**How to complete this task:** Begin at the line with "Le mobile dans" and set down each line exactly until the listing ends. Images stay out.

**Information supplied:**

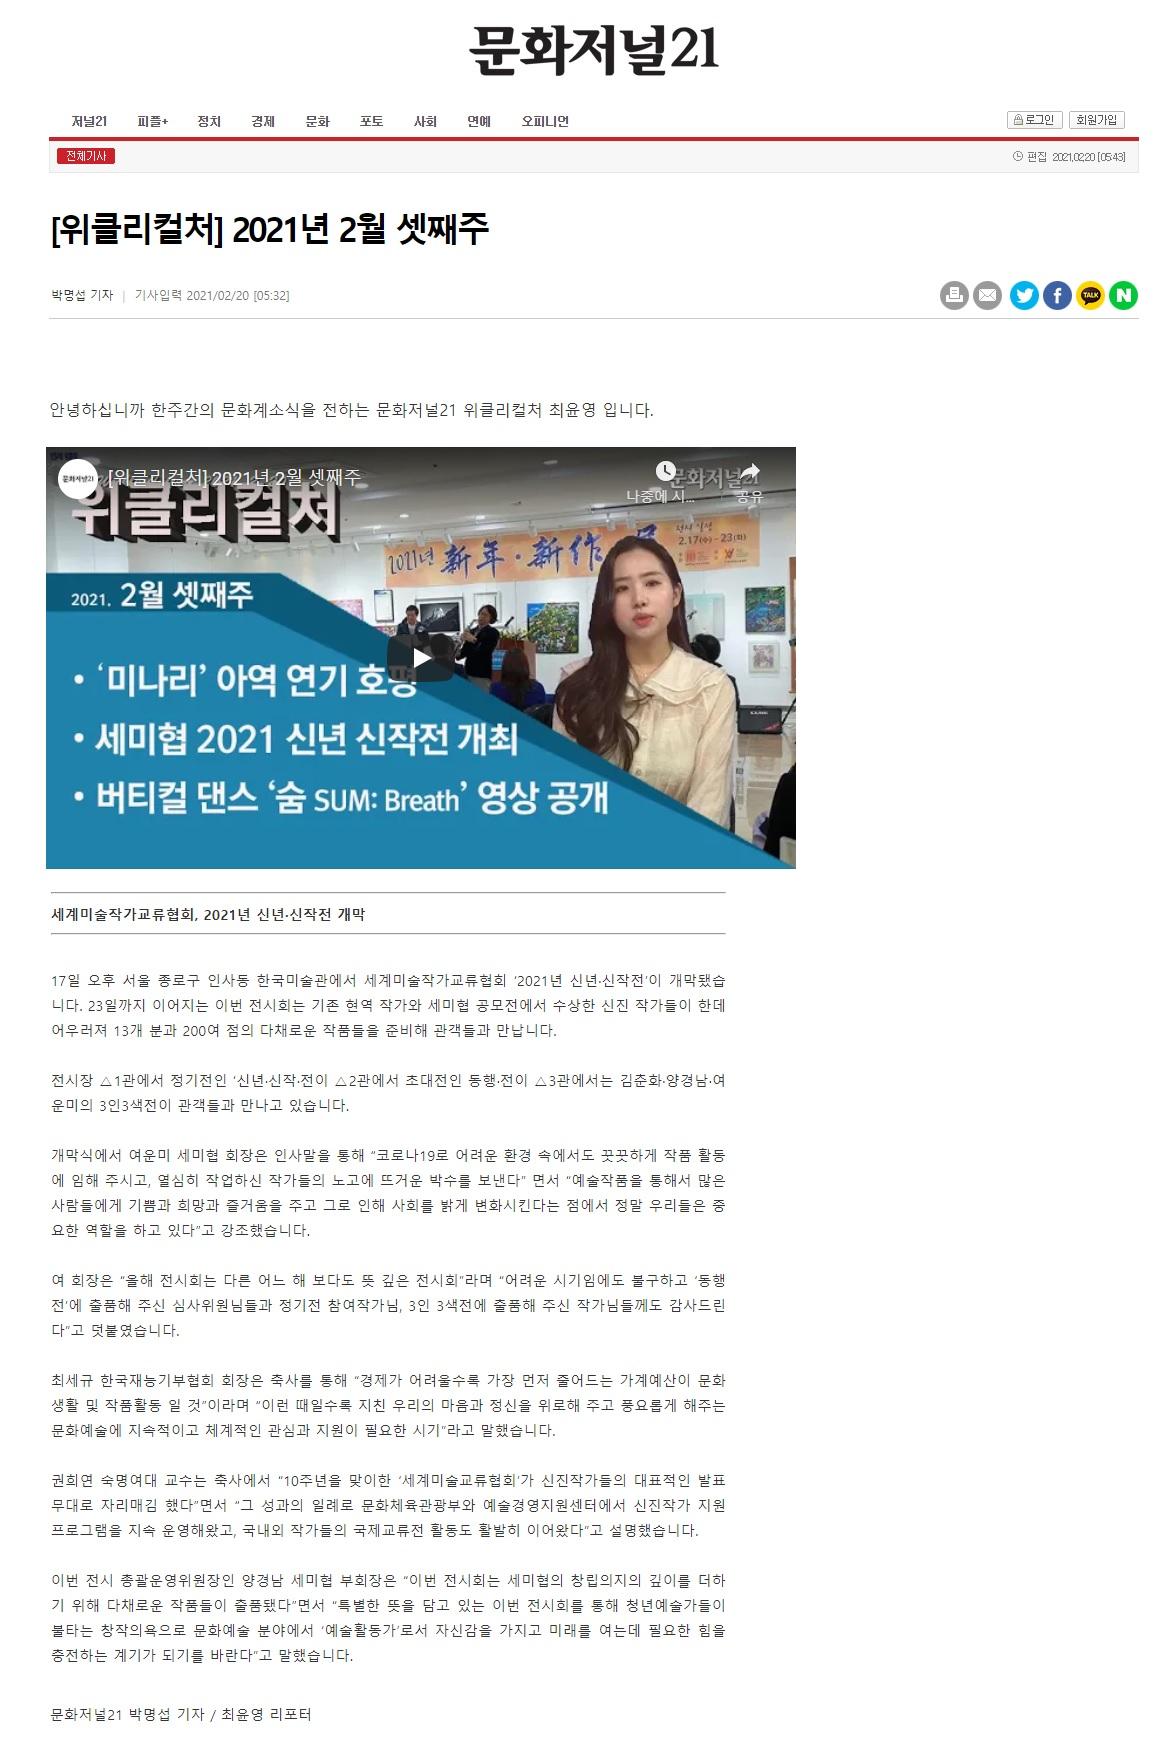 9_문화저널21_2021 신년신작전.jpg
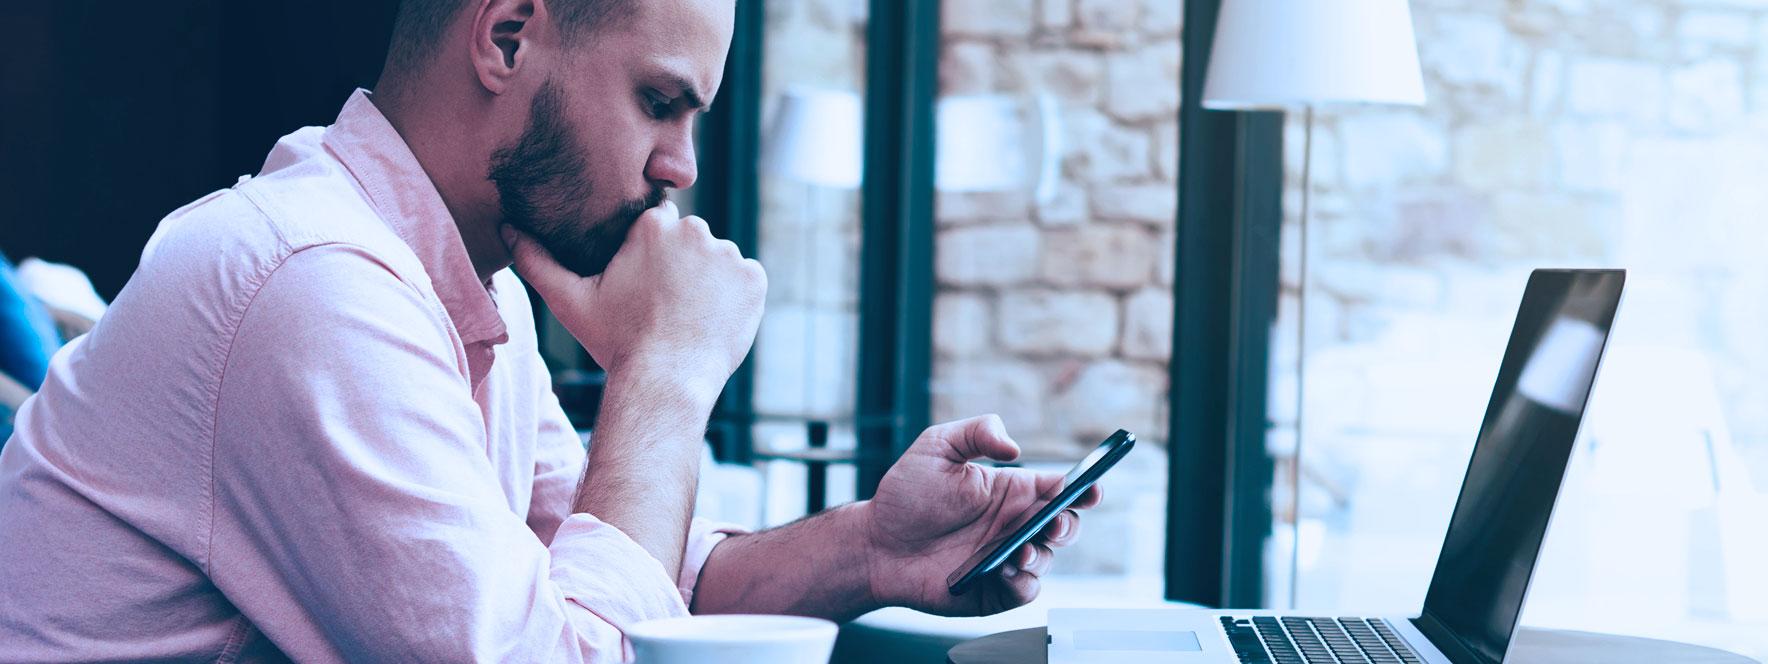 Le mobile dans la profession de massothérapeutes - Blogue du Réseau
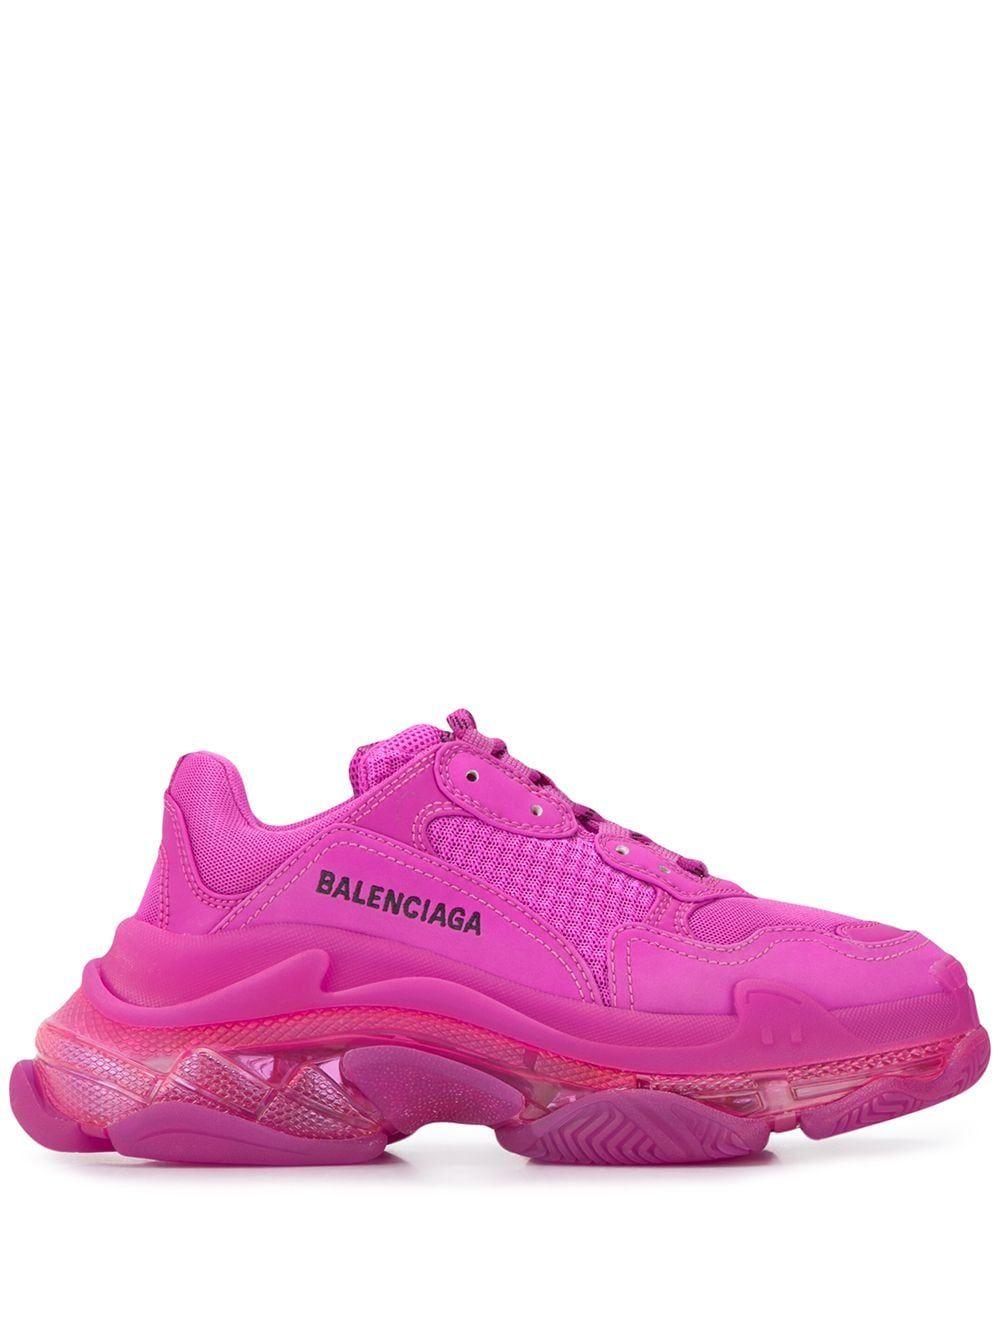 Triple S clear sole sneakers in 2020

**Result below:**
 Le mobile dans la profession de massothérapeutes - Blogue du Réseau
 Triple S clear sole sneakers in 2020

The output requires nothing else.